Showing 81 - 90 of 737 annotations tagged with the keyword "Illness and the Family"

Tell

Itani, Frances

Last Updated: Sep-22-2016
Annotated by:
Duffin, Jacalyn

Primary Category: Literature / Fiction

Genre: Novel

Summary:

Kenan Oak returns from World War I to a small Ontario town. He is virtually unable to speak and dares not venture from his home. Adopted by a reclusive uncle at an early age, he has no immediate family but his wife, Tressa, who loves him and accepts his disability with good grace. They have been trying to have a child without success, and the glimmers of Kenan’s recovery are dauntingly few and faint. Slowly with the help of his uncle Am, he begins to go out at night for walks in the woods and skating on the ice of the lake.  

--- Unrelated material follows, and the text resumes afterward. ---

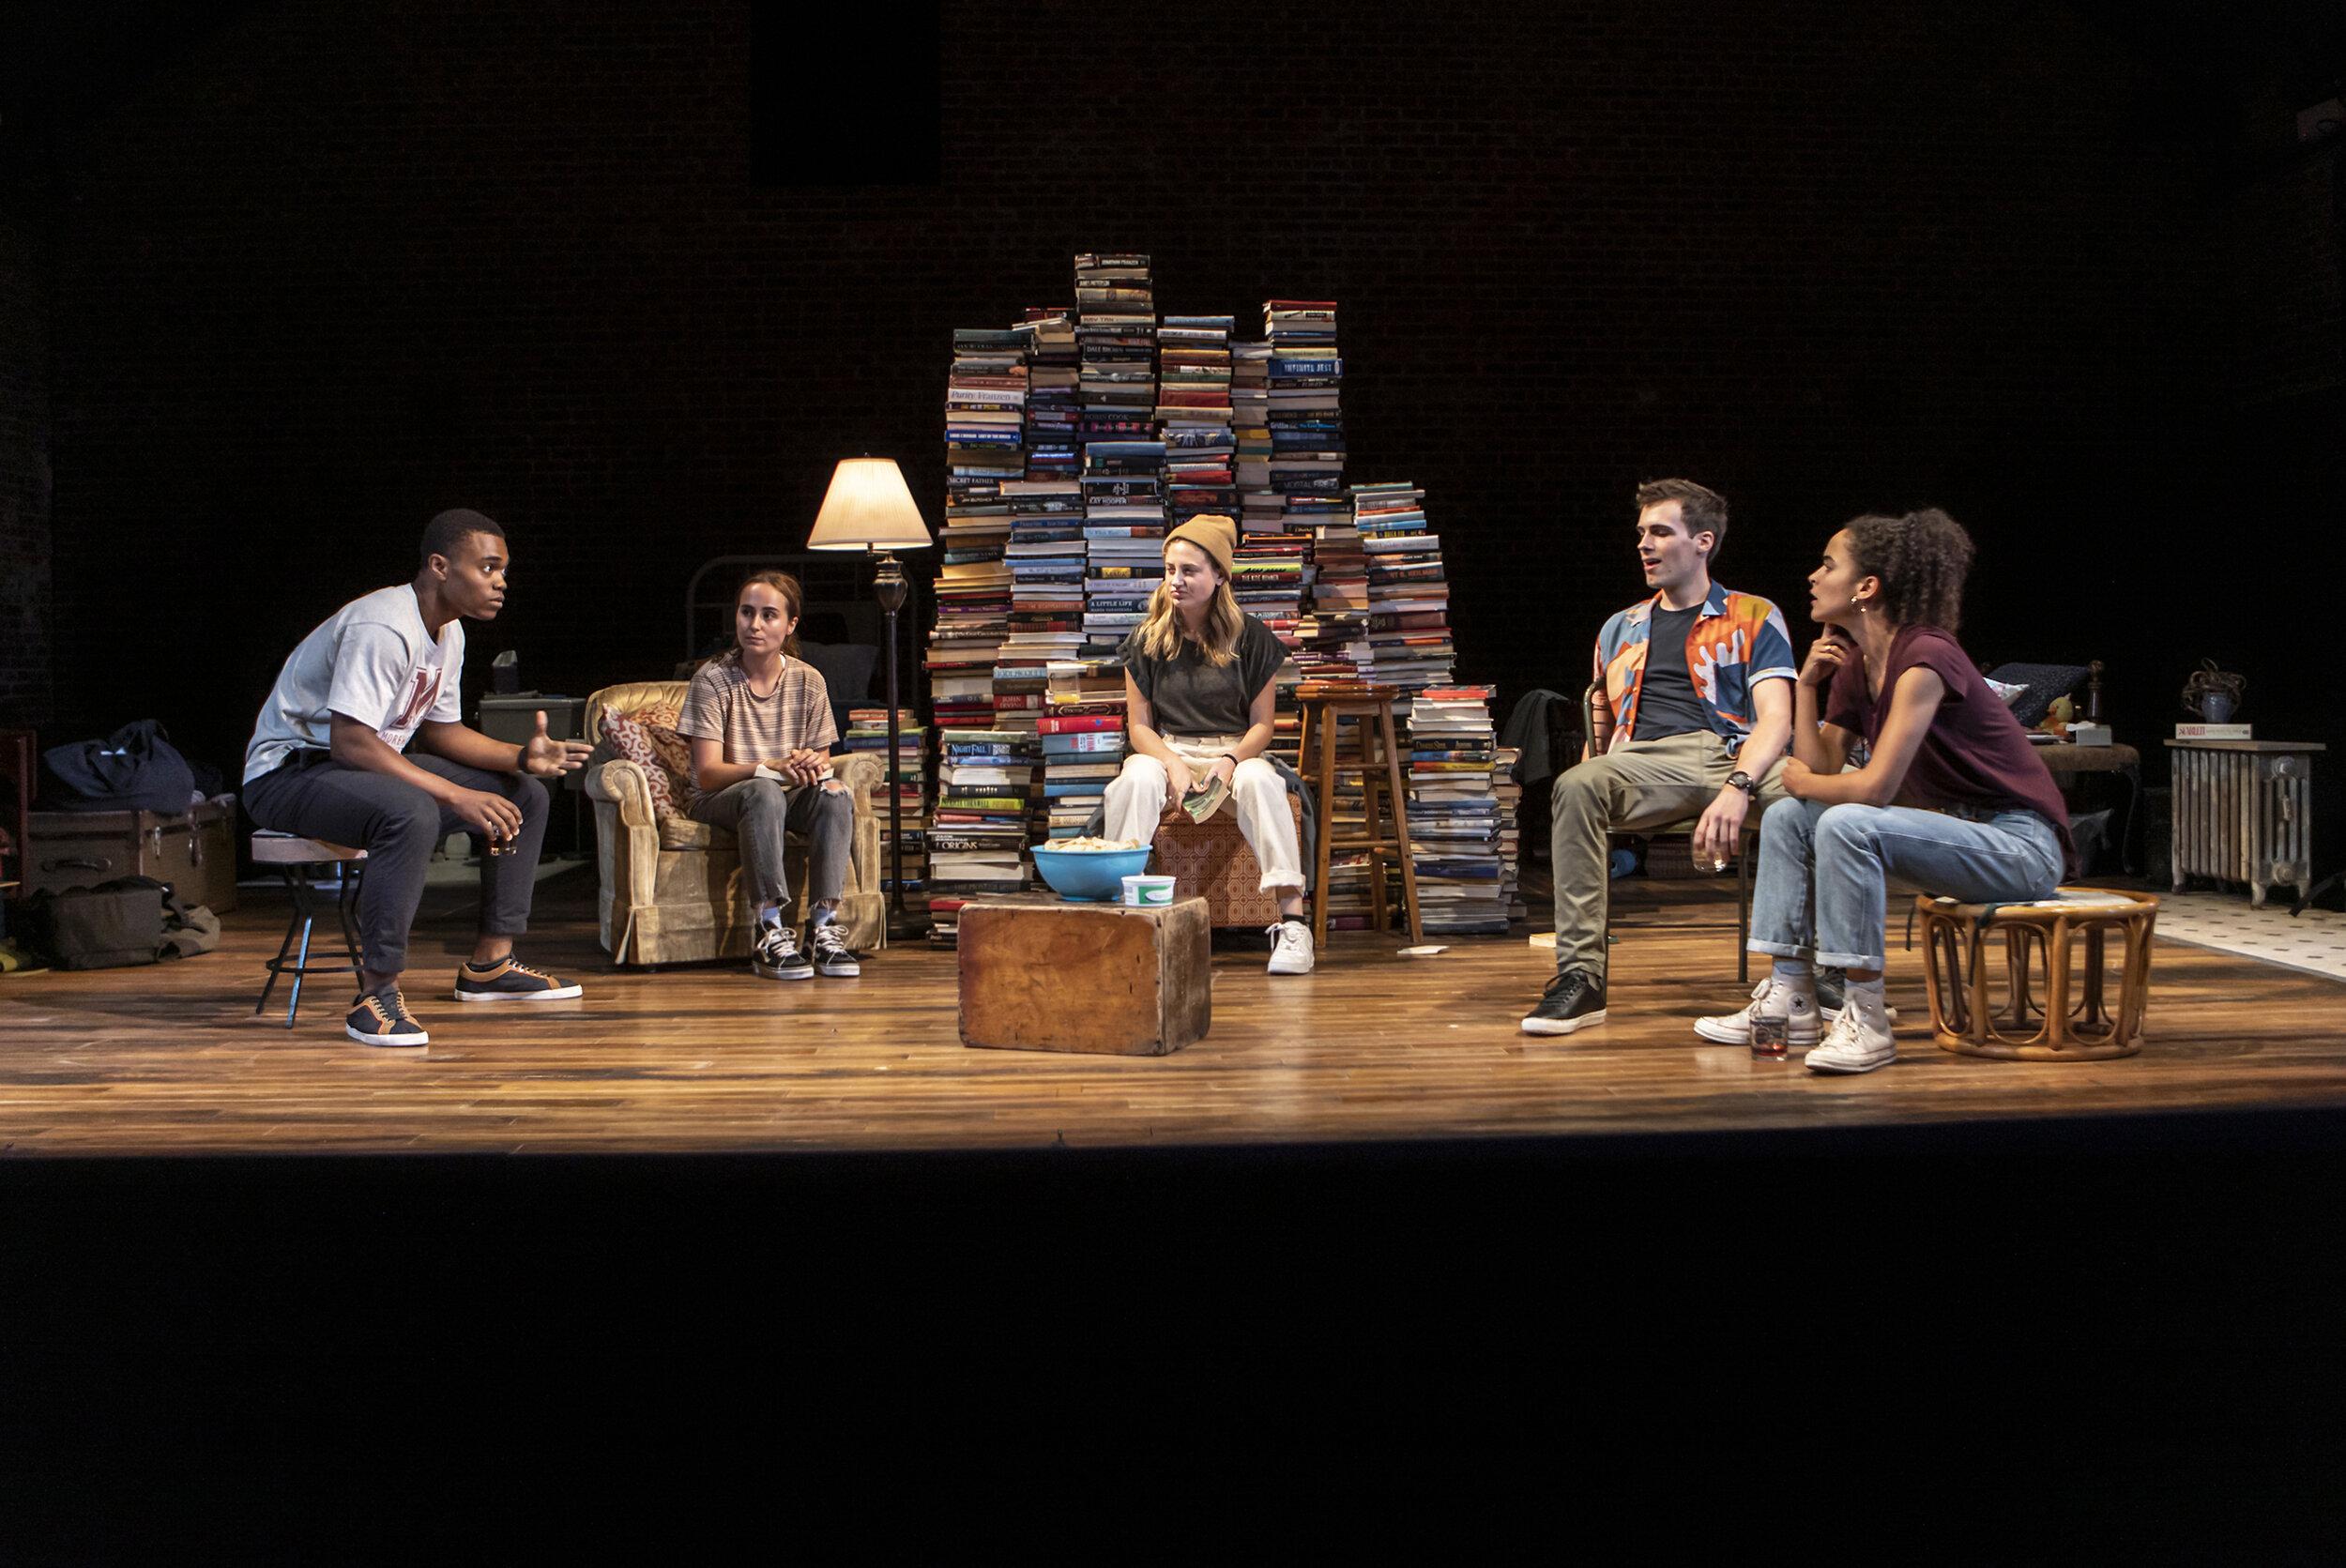 "Christian Strange, Sadie Scott, Ruby Frankel, Zane Pais, and Juliana Canfield in ""Sunday"". Photo Credit: Monique Carboni."

Am and his wife Maggie have a strained marriage. She loves to sing and once aspired to a career in music, but instead she opted for Am and a farm—although now they live in town. Lukas, a gifted new musician arrives to direct the choir; he is a postwar immigrant from an unnamed European country, possibly Germany. He notices her talent and encourages her to sing solo at the upcoming New Year’s concert. Unused to the attention, she is captivated by him, his mystique, his appreciation of her, and the return of joy through song. They have an affair, which is discovered by Am.  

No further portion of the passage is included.